NOTE This pipeline has been specifically tested using output from Parabricks GATK Haplotypecaller and DeepVariant. Other g.vcf output may not work properly. Please only use WGS and WES data with this pipeline. If you have PacBio long-read data, please use Tortoise.
This workflow also makes use of specific RepeatMasker files, links to which can be found below.
wget -q https://de.cyverse.org/dl/d/B42A0F3D-C402-4D5F-BBD5-F0E61BE2F4AC/hg38_centromeres_09252018.bed.gz
wget -q https://de.cyverse.org/dl/d/37B13DB5-0478-4C4B-B18D-33AFB742E782/hg38_centromeres_09252018.bed.gz.tbi
wget -q https://de.cyverse.org/dl/d/870755FF-CD04-4010-A1EC-658D7E1151EF/LCR-hs38-5bp-buffer.bed.gz
wget -q https://de.cyverse.org/dl/d/01D038EA-51CC-4750-9814-0BB3784E808E/LCR-hs38-5bp-buffer.bed.gz.tbi
wget -q https://de.cyverse.org/dl/d/185DA9BC-E13D-429B-94EA-632BDAB4F8ED/recent_repeat_b38-5bp-buffer.bed.gz
wget -q https://de.cyverse.org/dl/d/4A6AF6EF-D3F0-4339-9B8E-3E9E83638F00/recent_repeat_b38-5bp-buffer.bed.gz.tbi
wget -q https://de.cyverse.org/dl/d/786D1640-3A26-4A1C-B96F-425065FBC6B7/CpG_sites_sorted_b38.bed.gz
wget -q https://de.cyverse.org/dl/d/713F020E-246B-4C47-BBC3-D4BB86BFB6E9/CpG_sites_sorted_b38.bed.gz.tbi
While the use of Docker is highly recommended, the workflow is able to run outside of a Docker environment, please see the software dependencies below. If you would like to run Parabricks 4.0.0, having a system able to run Docker is a requirement.

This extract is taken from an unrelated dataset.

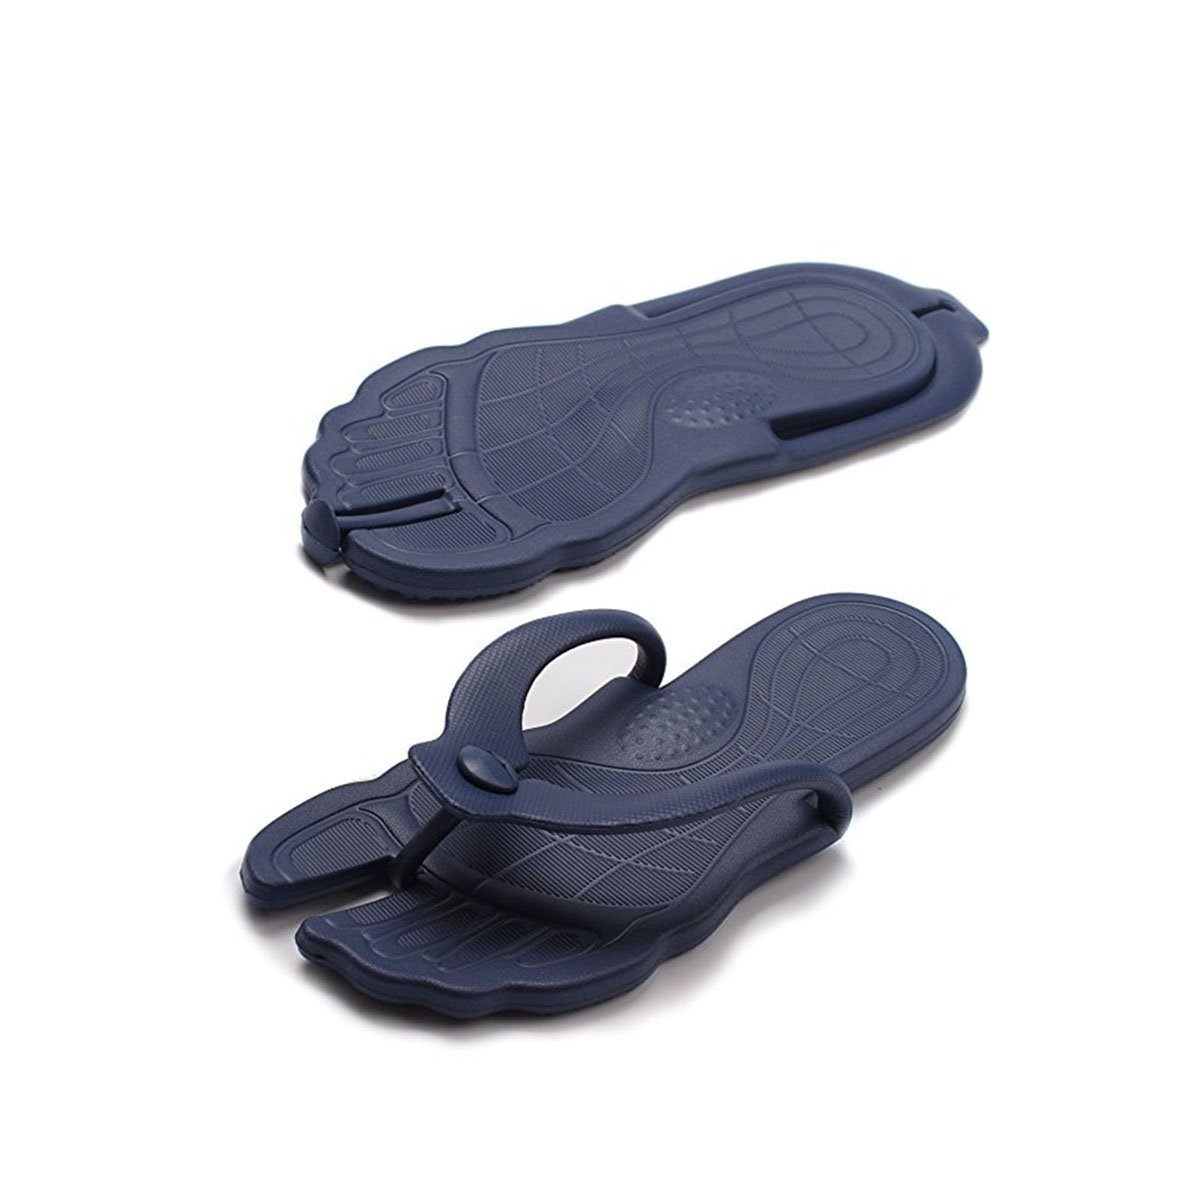 ARSTART Foldable Flip Flops Sandals Mens Womens Travel Beach Slippers Portable Anti-Slip Indoor Outdoor Bathroom Shoes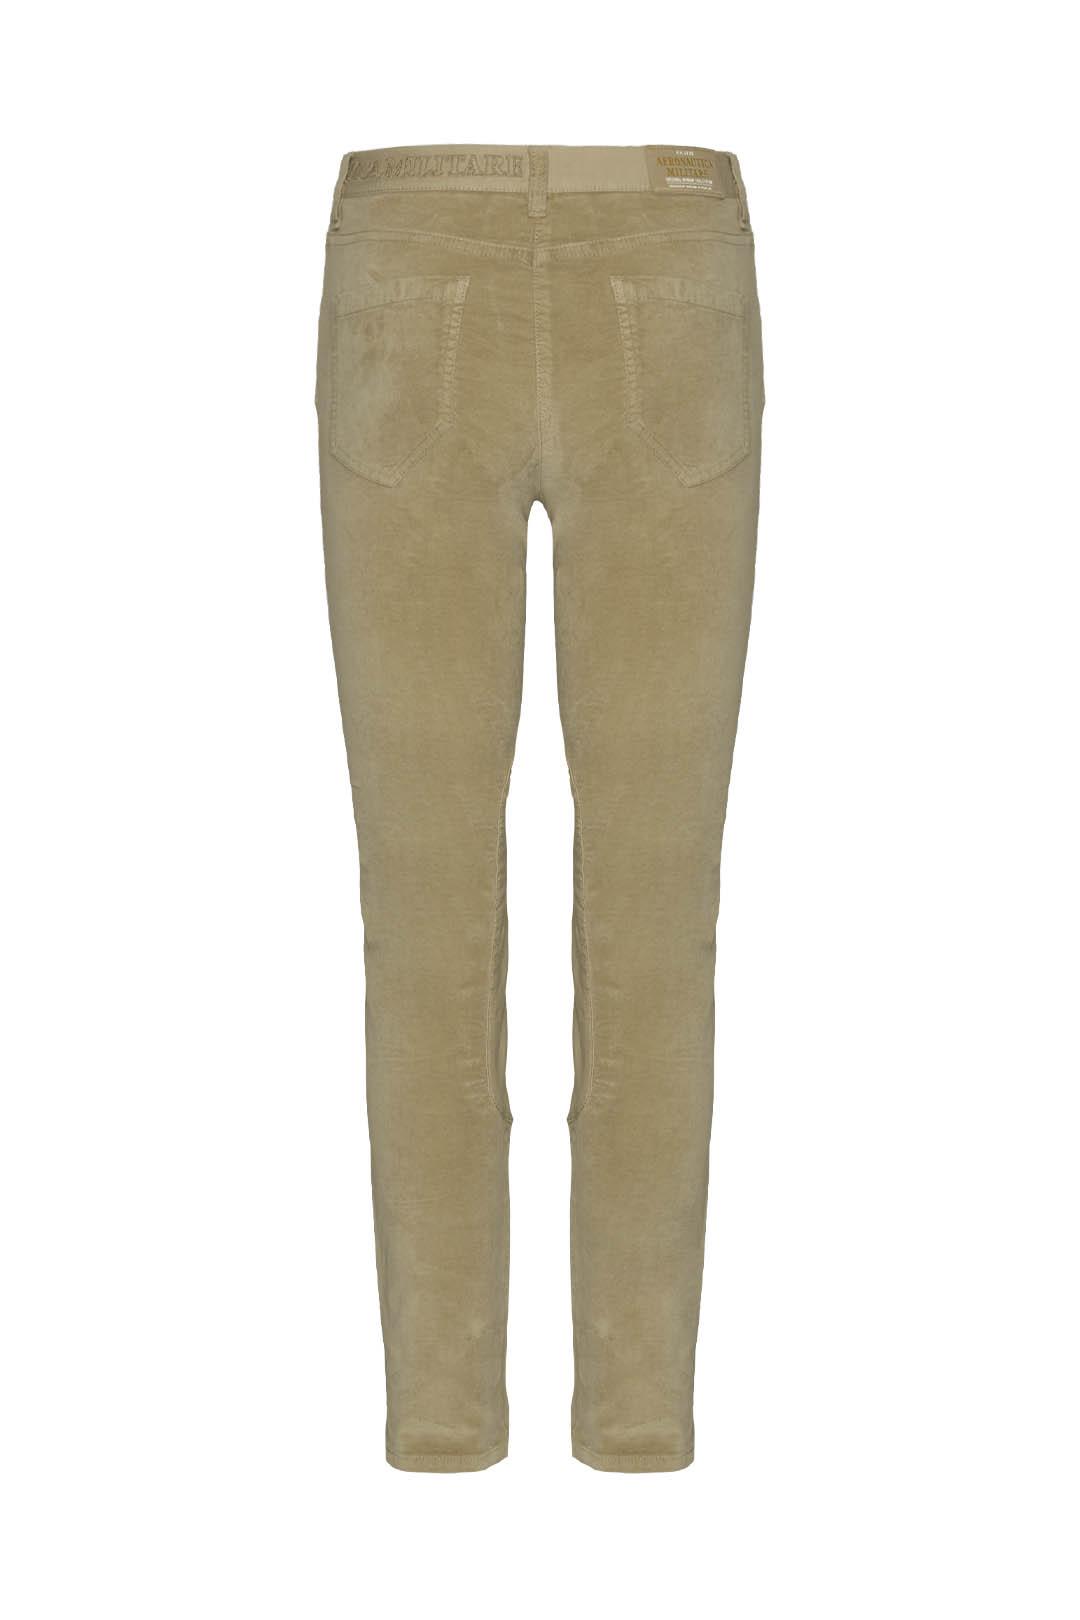 5-pockets velvet trousers with satin     2

The workflow Docker image can be pulled from here:
tnturnerlab/hare:v1.2
Before running, please make any necessary changes to the options below in the config.json.
* regions: "/region" *If you don't have the RepeatMasker files, please make this entry blank*
* gq_value: 20 *Default gq value filter*
* depth_value: 10 *Default depth value filter*
* suffix_dv: *Suffix of the DeepVariant data files. Assumes input files are \<sample\_name\>\<suffix\>*
* suffix_hc: *Suffix of the GATK Haplotypecaller data files. Assumes input files are \<sample\_name\>\<suffix\>*
* family_file: "/dnv_wf_cpu/<your_family_file>"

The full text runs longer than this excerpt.